>>>>

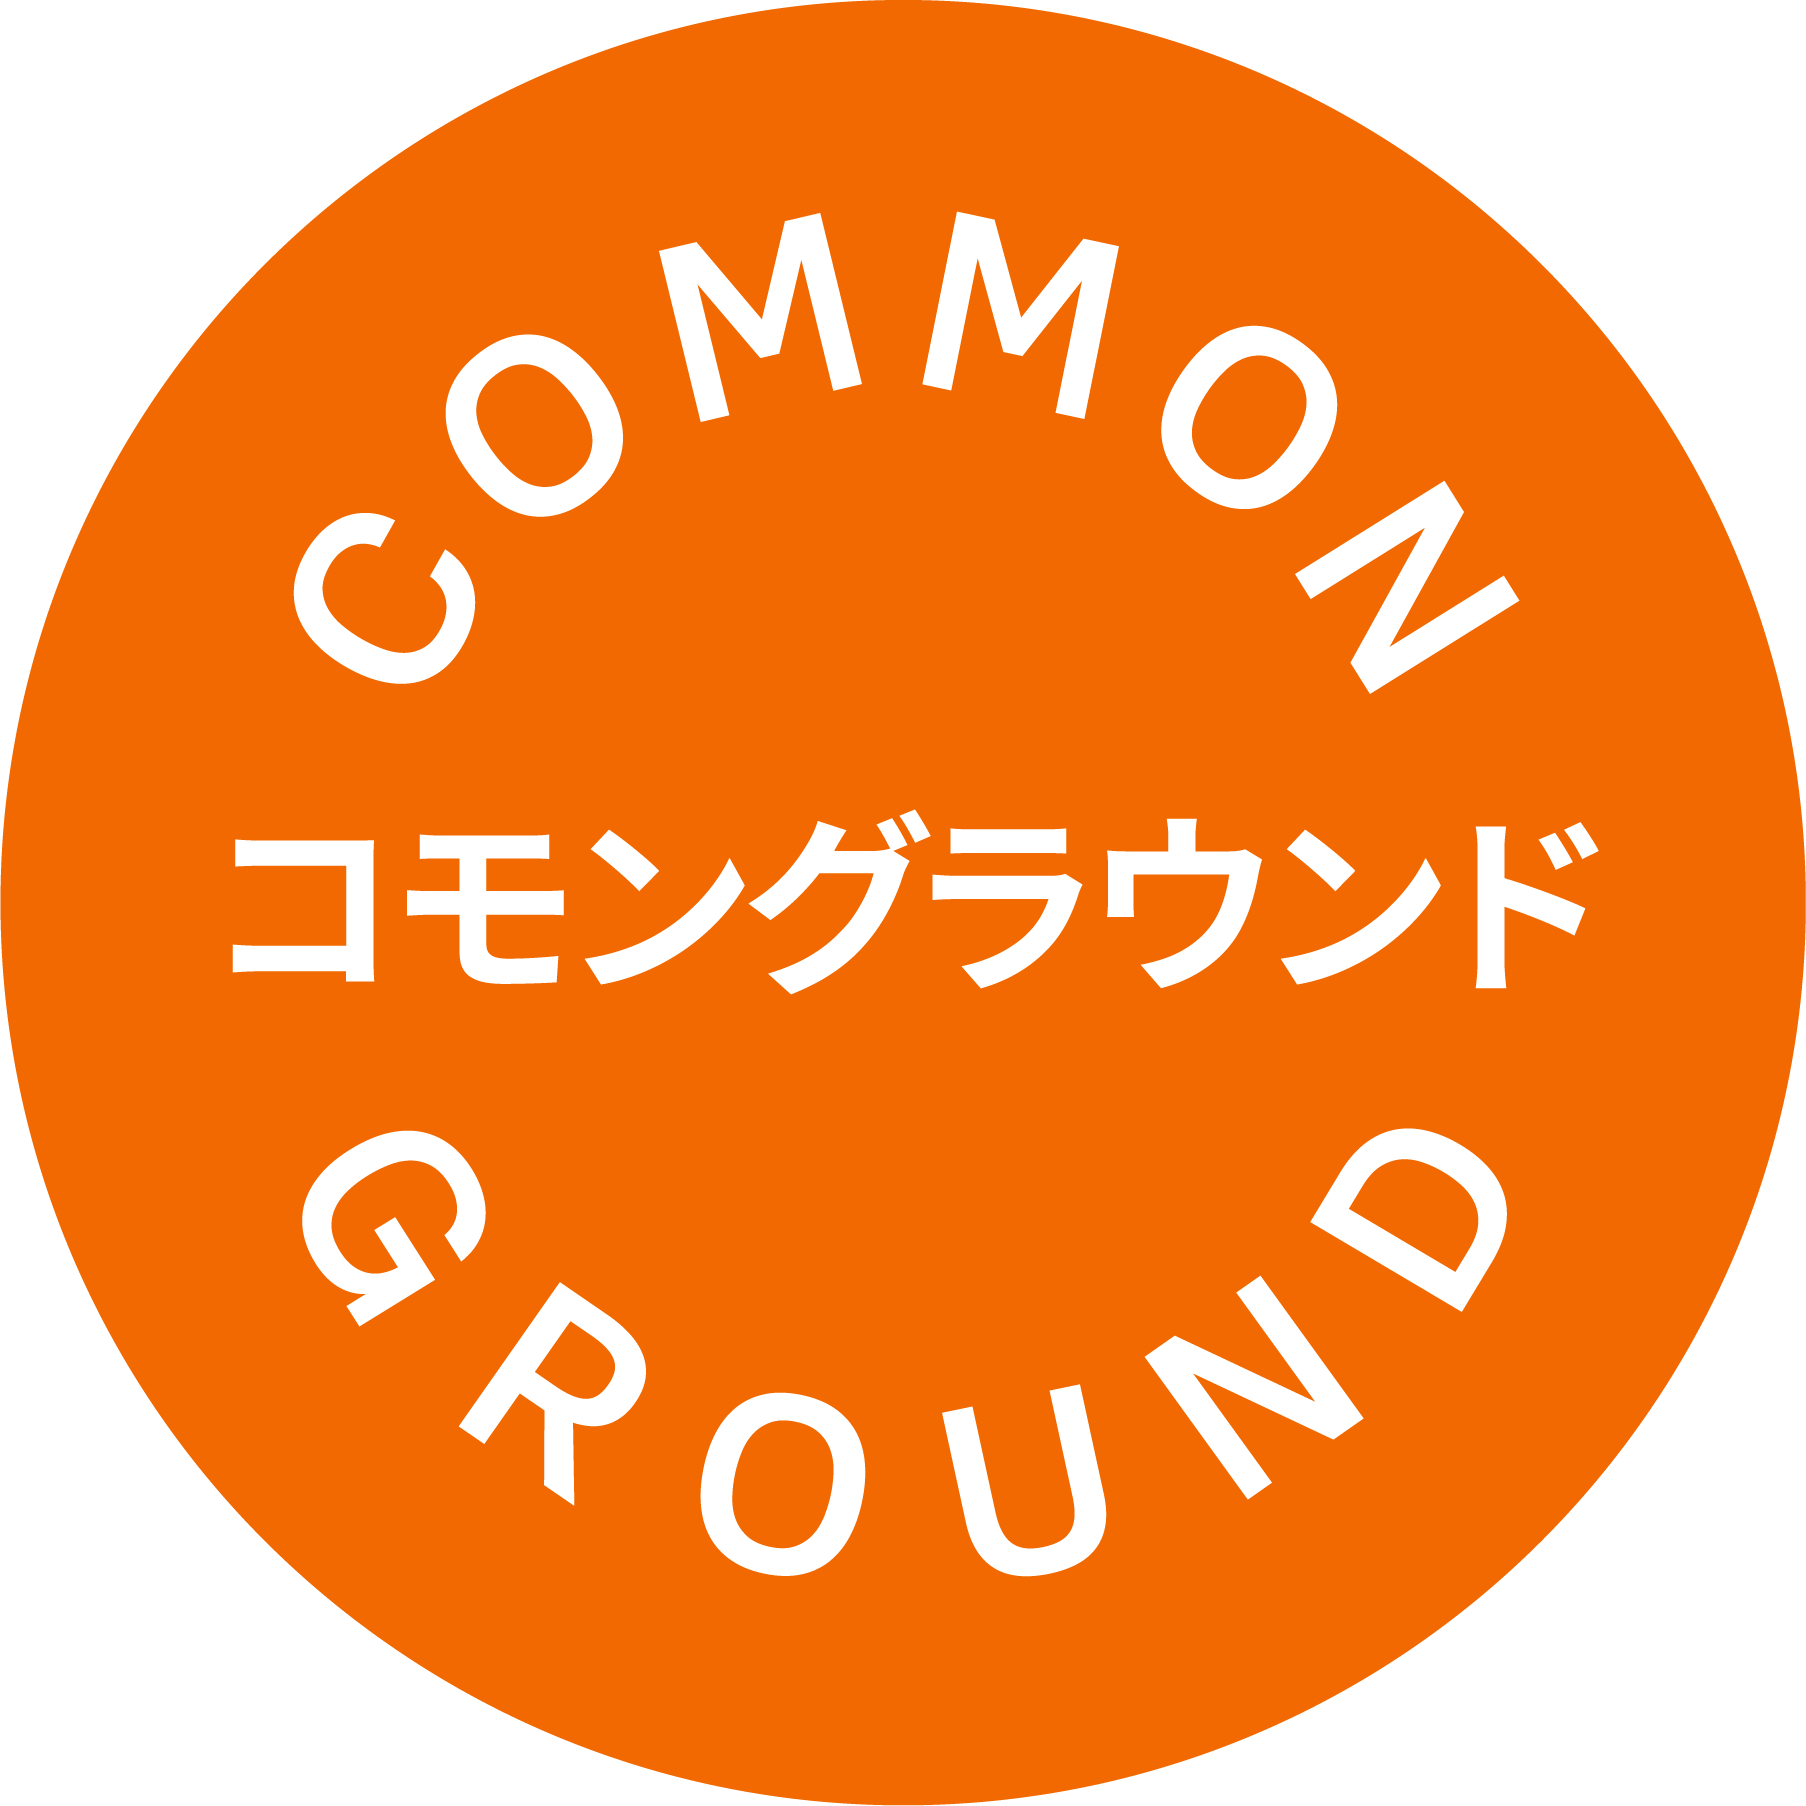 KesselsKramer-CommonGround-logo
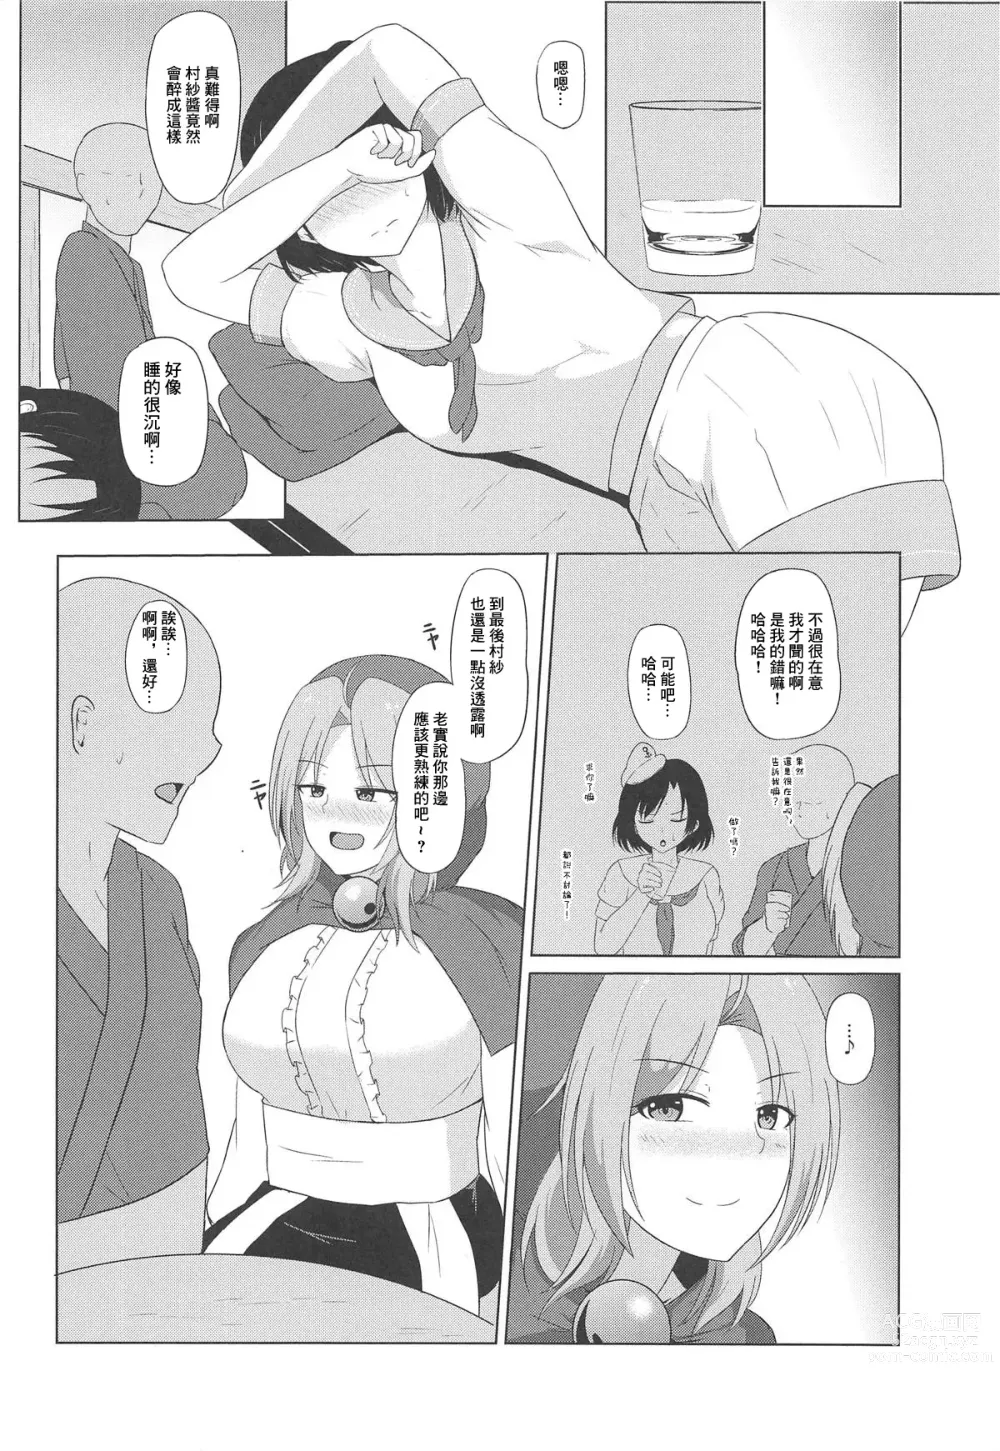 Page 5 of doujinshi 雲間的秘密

<<<<
>>>>

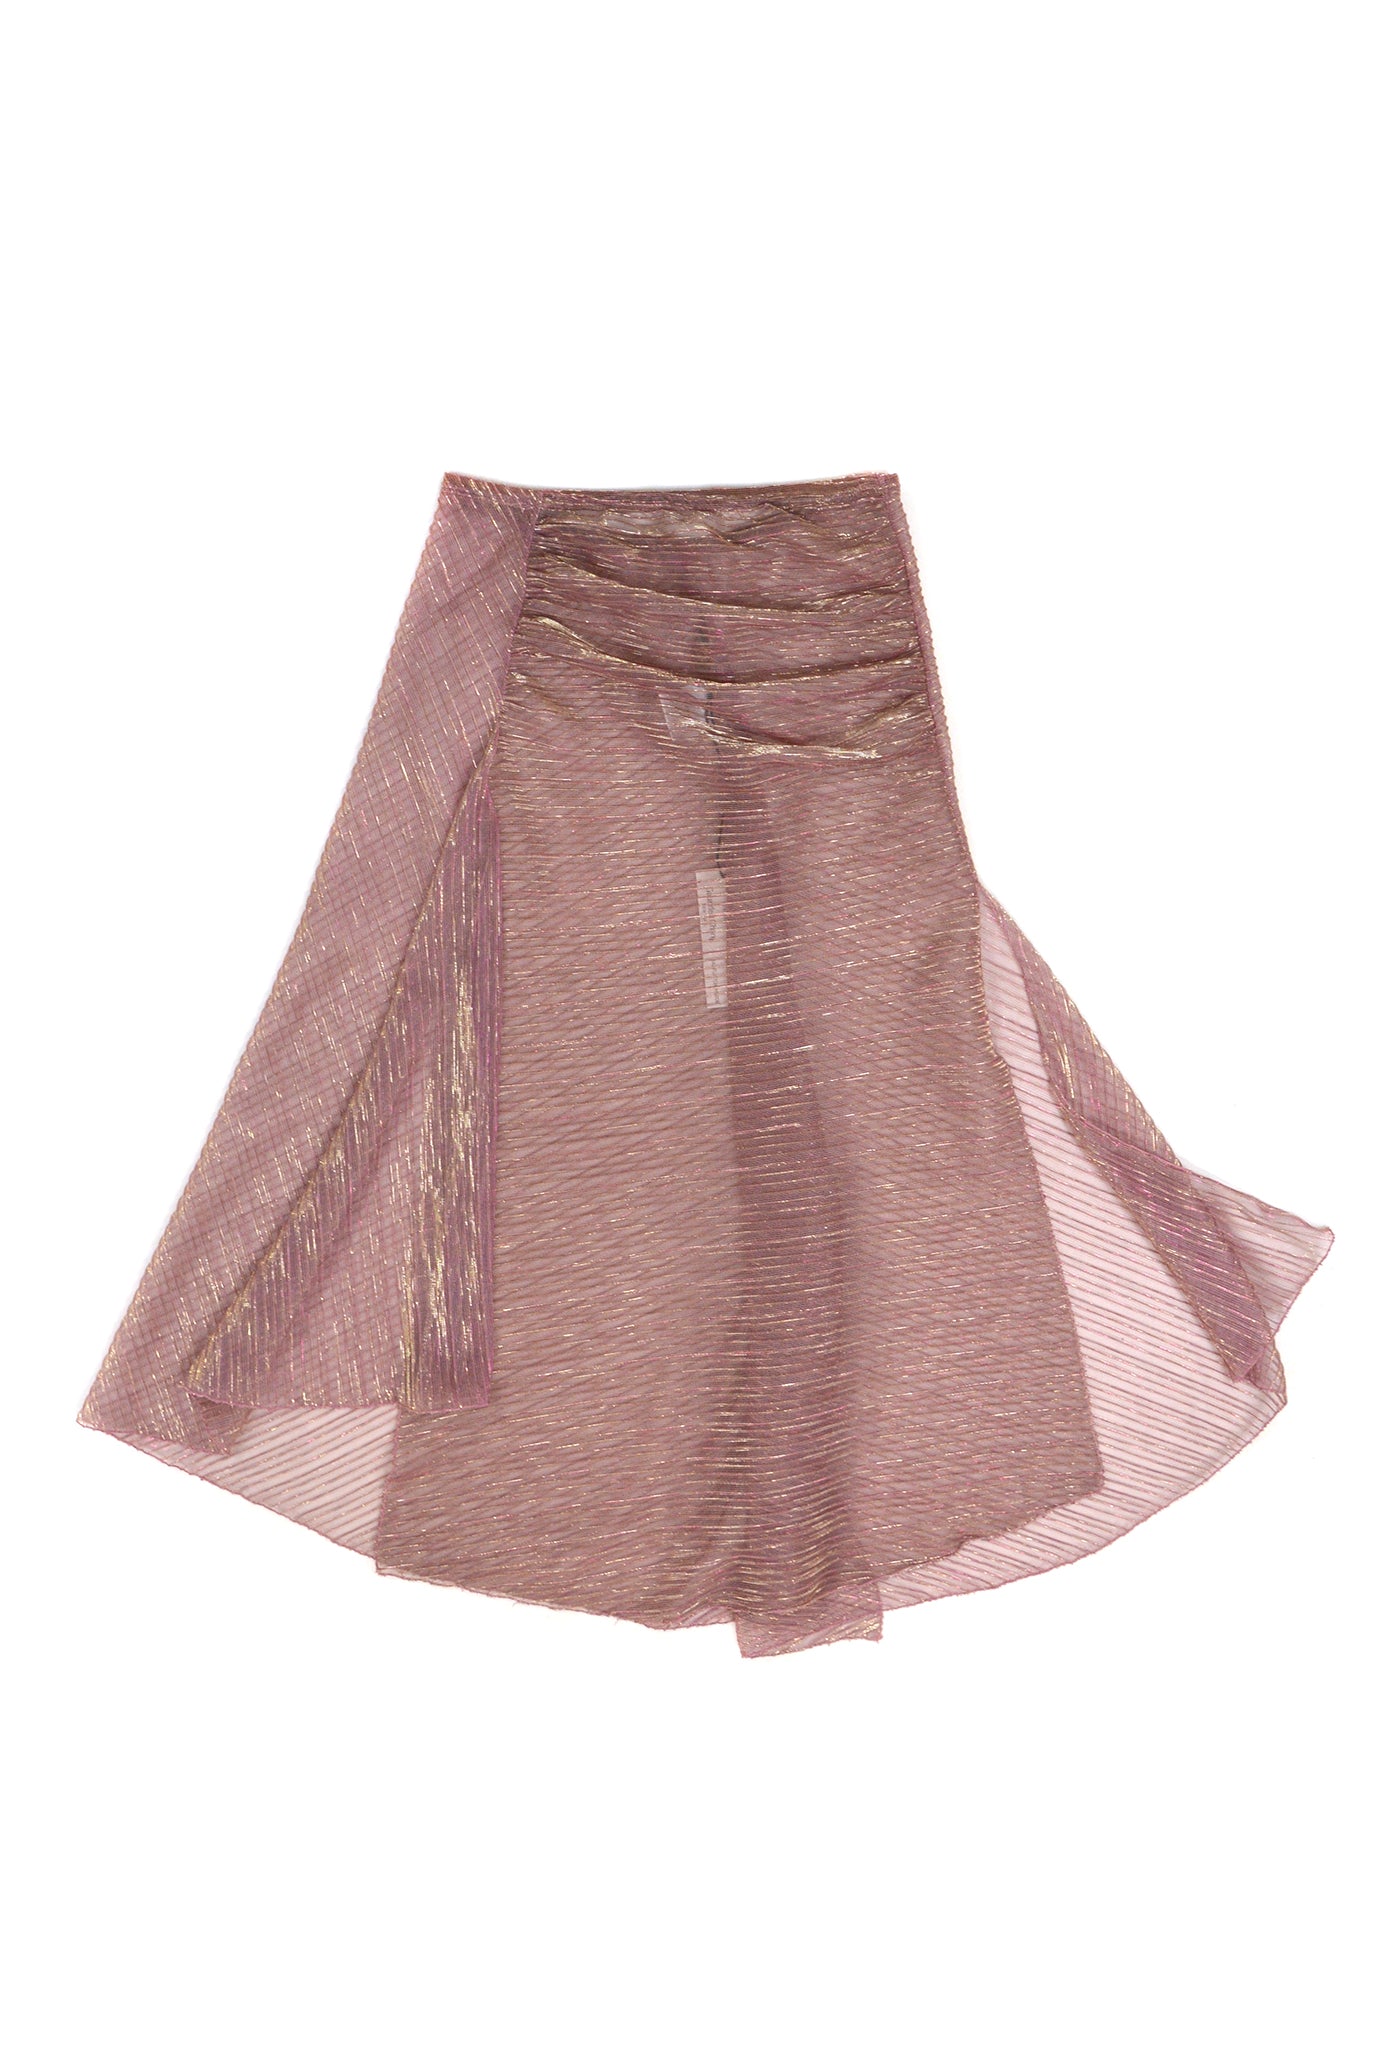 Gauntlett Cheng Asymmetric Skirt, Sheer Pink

<<<<

* Task details
Above are the records. Copy word for word only their lines from the one holding "KesselsKramer-CommonGround-logo" through the one holding "Page 5 of doujinshi 雲間的秘密", both included, and skip the images.

* Written answer
 KesselsKramer-CommonGround-logo
 Page 5 of doujinshi 雲間的秘密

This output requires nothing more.